Project 5 - Face Detection with a Sliding Window

Face detection is a computer technology that identifies human faces in images. It is used in a variety of applications, like facial recognition in video surveillance, human computer interface, image database management, photography and marketing. In this project, the sliding window model, which independently classifies all image patches as being object or non object, is implemented. The basic pipeline can be outlined as follows -

  1. Getting positive features from the positive trained examples
  2. Getting random negative features from scenes which contain no faces
  3. Training the classifier with the above mentioned features
  4. Running the classifier on the test set

OBTAINING POSITIVE FEATURES

This function returns all positive training examples from 36x36 images. Each face is converted into a HoG template by a single call to vl_hog. The template size and the cell size is chosen as 36 and 3 respectively. This is because a smaller cell size improves accuracy, though it takes more time to run.

Choosing the cell size

Accuracy precision curve for cell size = 6

Accuracy precision curve for cell size = 3

Hence, a cell size of 3 is chosen.

OBTAINING NEGATIVE FEATURES

This function is similar to the above function, except that this samples random negative examples from scenes which contain no faces and converts them to HoG features. The same feature parameters as above is employed here.

CLASSIFIER TRAINING

This function trains a linear classifier from the positive and negative examples with a call to vl_trainsvm. The regularization parameter lambda is an important parameter for training the linear SVM. It controls the amount of bias in the model, and thus the degree of underfitting or overfitting to the training data. Lambda value of 0.0001 is chosen for better results.

RUNNING THE CLASSIFIER ON THE TEST SET

This function converts each test image to HoG feature space with a _single_ call to vl_hog for each scale. Then the HoG cells are stepped over, taking groups of cells that are the same size as the learned template, and are classified. If the classification is above some confidence, the detection is retained and all the detections for an image are passed to non-maximum suppression. Different confidence values were implemented and a confidence of -0.5 gave the most accurate result. The general trend was with an increase in threshold, the accuracy increased but the number of false positives also increased. Hence, an optimum value of -0.5 is chosen. Non-maximum suppression, which counts a duplicate detection as wrong is run on the detections in order to improve the performance. The non-maximum suppression is done on a per-image basis. The scaling factor is taken as 0.75 and the image is scaled 10 times.

Output after basic pipeline

HoG features

Precision Recall curve

Example of detection on the test set

EXTRA/GRADUATE CREDIT

HARD NEGATIVE MINING

The 'run_detector' function was modified to run the detector on the images in 'non_face_scn_path', and keep all of the features above some confidence level.
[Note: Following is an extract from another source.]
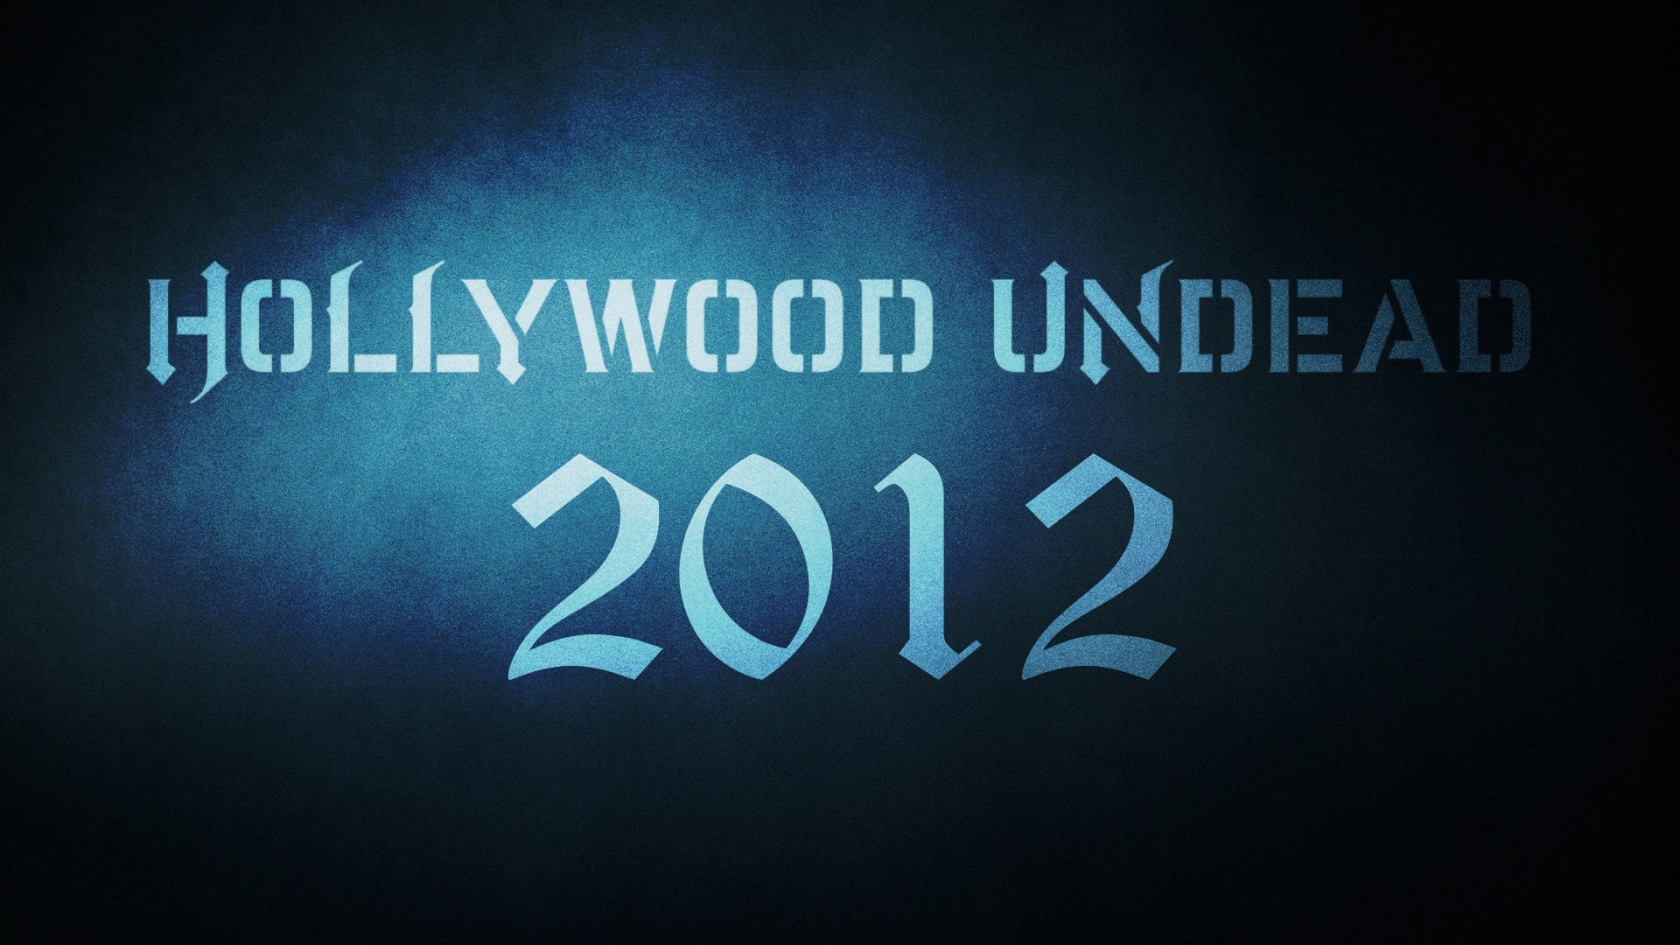 Hollywood Undead 2012 for 1680 x 945 HDTV resolution

That is, we are taking into account the features of all non faces that have been detected as faces, falsely by the detector. These features are then appended to the random negative features obtained previously and the SVM is retrained.

Comparison of results with and without hard mining for k = 6

Without hard mining

With hard mining

Example of detection on the test set after negative hard mining

As we can see, the number of false positives has reduced significantly after negative hard mining.

MIRRORING, ROTATING IMAGE AND OBTAINING POSITIVE FEATURES

The image is flipped, rotated and the positive features are taken. This allows detectiom of even tilted faces

The sliding window protocol works efficiently in detecting faces. However, all the faces might sometime not be detected clearly and the number of false positives might sometime be very high. Hence, the parameters such as lambda, confidence, number of samples, training data etc influence the accuracy to a large extent and must be tuned properly. The accuracy improves as one increases the number of positive and negative features ( using hard negative mining).